Historic saros cycle animation

Saros cycle series 135 for solar eclipses occurs at the Moon's ascending node, repeating every 18 years, 11 days, containing 71 eclipses, including 53 umbral eclipses (45 annular, 2 hybrid, 6 total). The longest duration of totality will be 2 minutes, 27 seconds on May 12, 2431 while the longest annular was 10 minutes 14 seconds on December 24, 1601.

This solar saros is linked to Lunar Saros 128.

This series included the smallest annular solar eclipse in the 2nd millennium on December 24, 1601, with an eclipse magnitude of only 0.90785, just 0.002% larger than the solar eclipse of November 12, 1683 BCE, which was the smallest annular solar eclipse of thousands of years, with an eclipse magnitude of only 0.90783.

The factors that made this such a small annular solar eclipse were:

- The Earth being very near perihelion (closest approach from the Sun in its elliptical orbit, making its angular diameter nearly as large as possible). This occurred on December 28, 1601.
- The Moon being nearly exactly at apogee (making its angular diameter as small as possible). The moment of greatest eclipse was just half a day after apogee.
- The midpoint of the eclipse occurring when the Sun was close to the horizon (increasing the distance to the Moon by a greater percentage than the distance to the Sun).

==Umbral eclipses==
Umbral eclipses (annular, total and hybrid) can be further classified as either: 1) Central (two limits), 2) Central (one limit) or 3) Non-Central (one limit).

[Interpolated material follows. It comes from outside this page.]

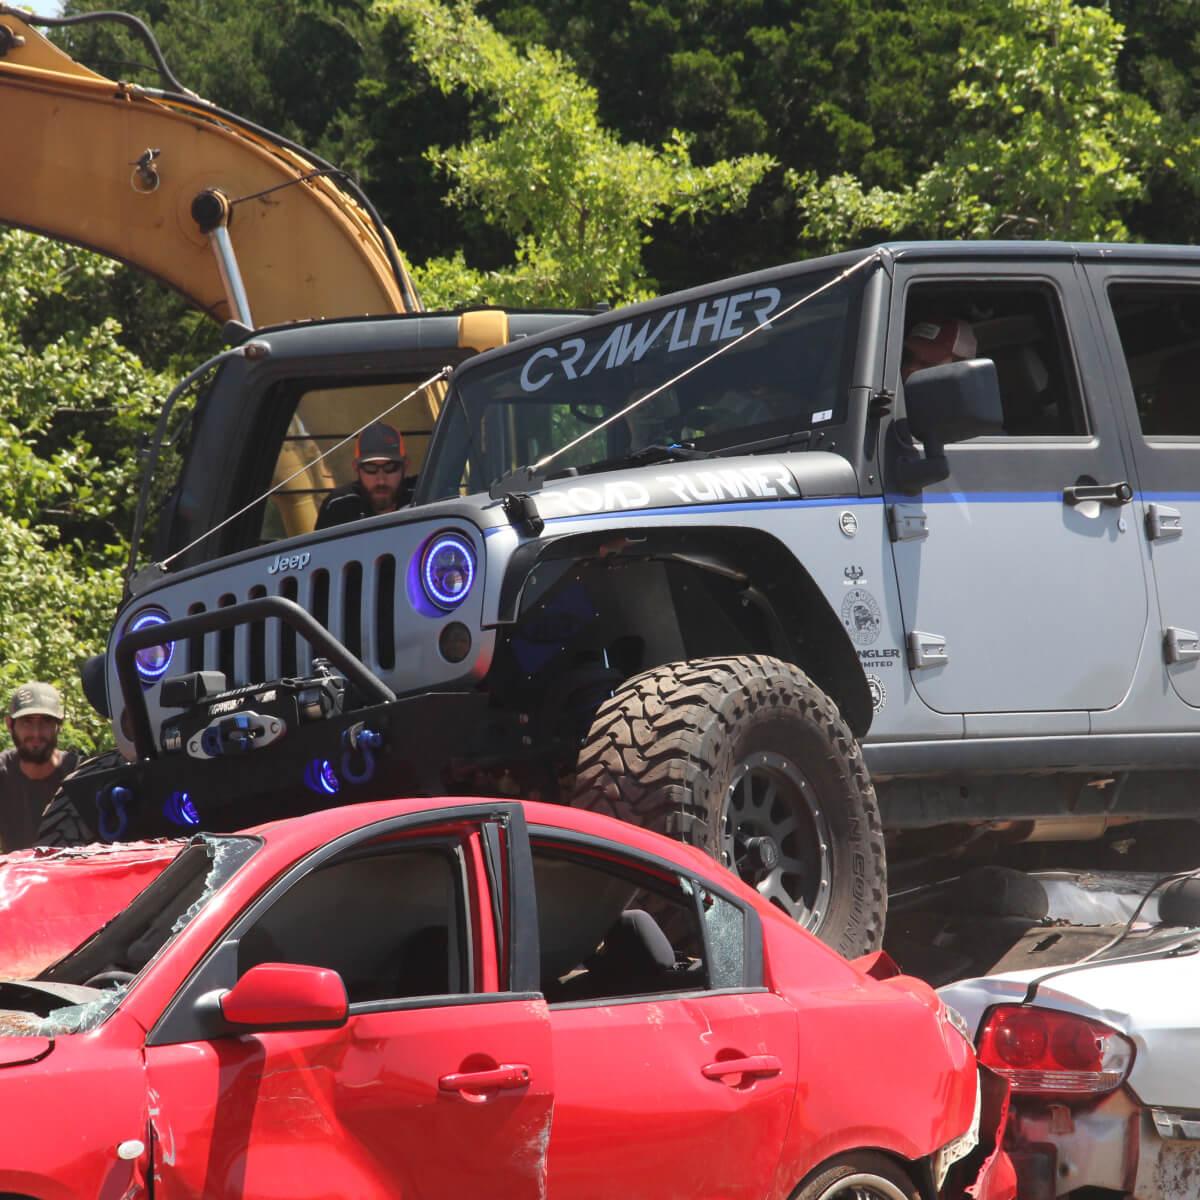 Jeep on Cars
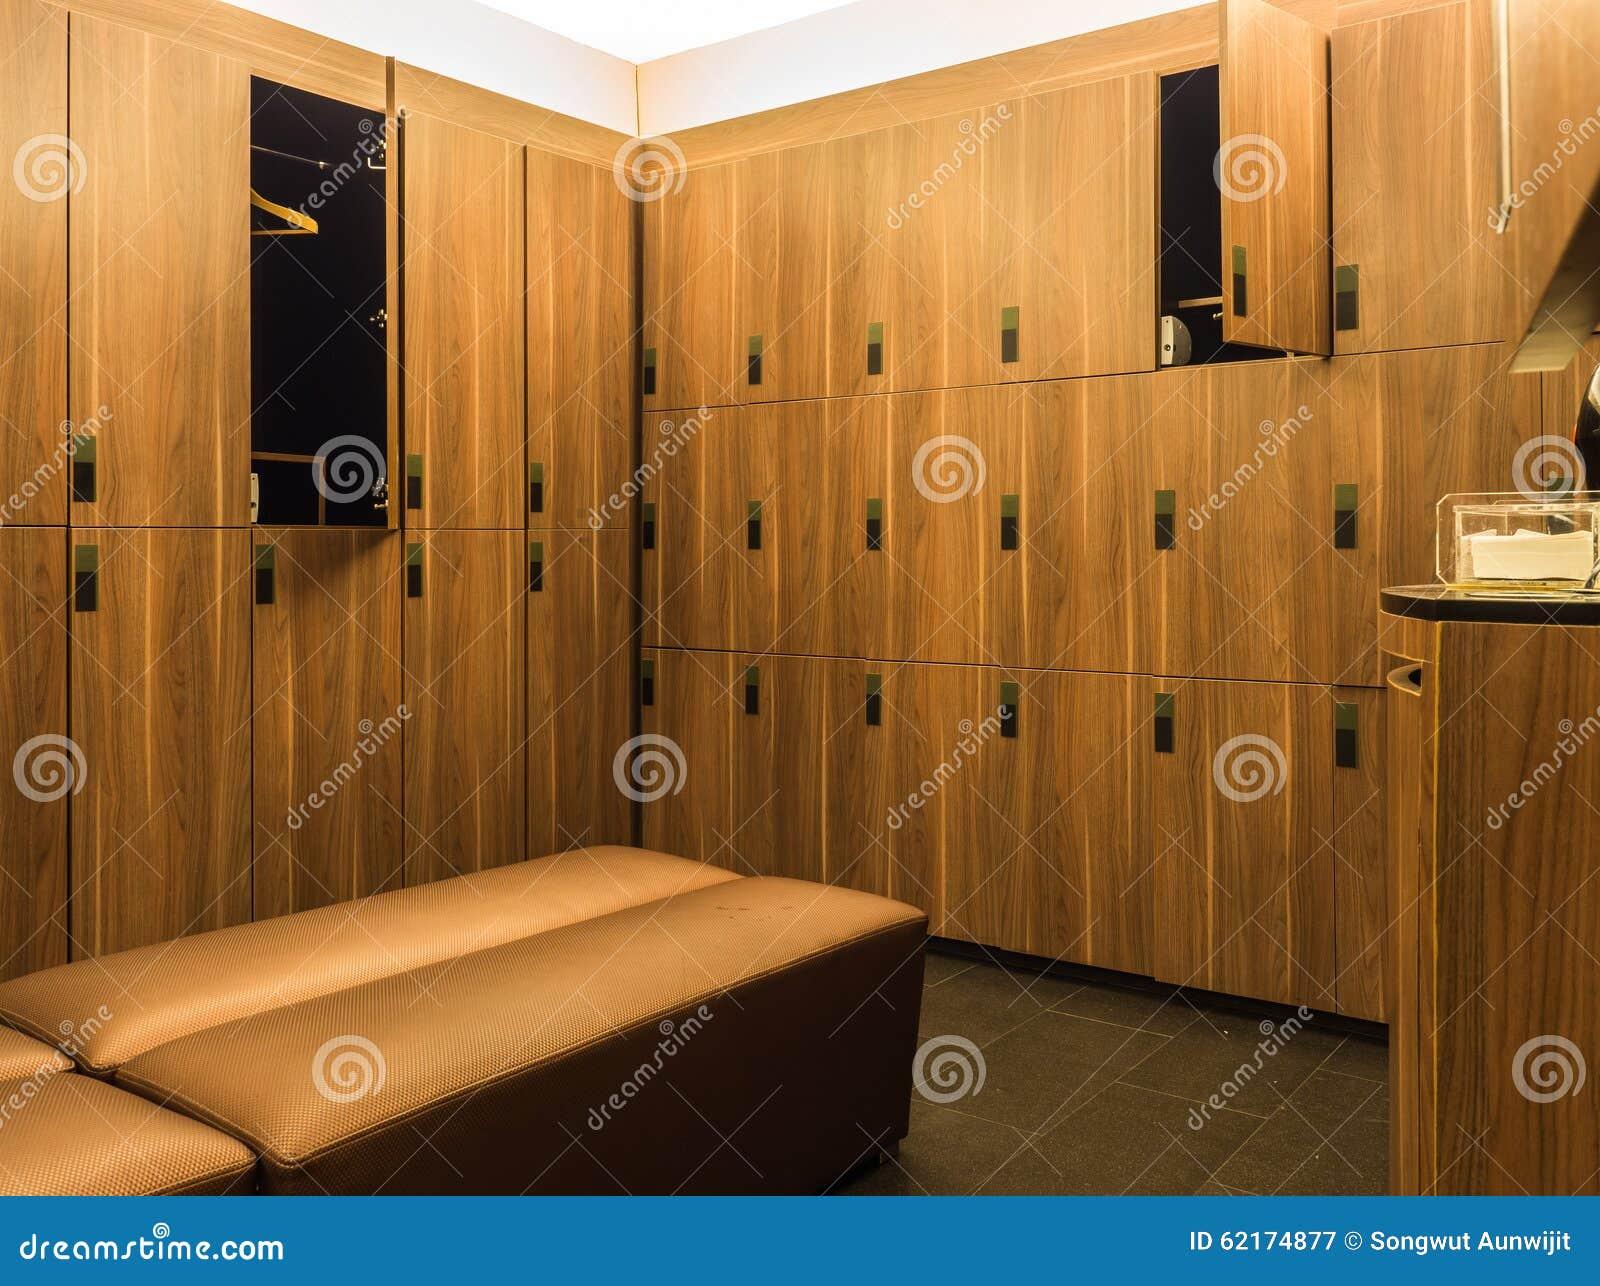 Design of modern wooden lockers stock photo image 62174877 for Designer lockers

The statistical distribution of these classes in Saros series 135 appears in the following table.

| Classification | Number | Percent |
|---|---|---|
| All Umbral eclipses | 53 | 100.00% |
| Central (two limits) | 51 | 96.23% |
| Central (one limit) | 1 | 1.89% |
| Non-central (one limit) | 1 | 1.89% |

Series members 27–43 occurring between 1800 and 2100:
| 27 | 28 | 29 |
| Apr 24, 1800 | May 5, 1818 | May 15, 1836 |
| 30 | 31 | 32 |
| May 26, 1854 | Jun 6, 1872 | Jun 17, 1890 |
| 33 | 34 | 35 |
| Jun 28, 1908 | Jul 9, 1926 | Jul 20, 1944 |
| 36 | 37 | 38 |
| Jul 31, 1962 | Aug 10, 1980 | Aug 22, 1998 |
| 39 | 40 | 41 |
| Sep 1, 2016 | Sep 12, 2034 | Sep 22, 2052 |
| 42 | 43 |
| Oct 4, 2070 | Oct 14, 2088 |

== All eclipses ==
Note: Dates are given in the Julian calendar prior to 15 October 1582, and in the Gregorian calendar after that.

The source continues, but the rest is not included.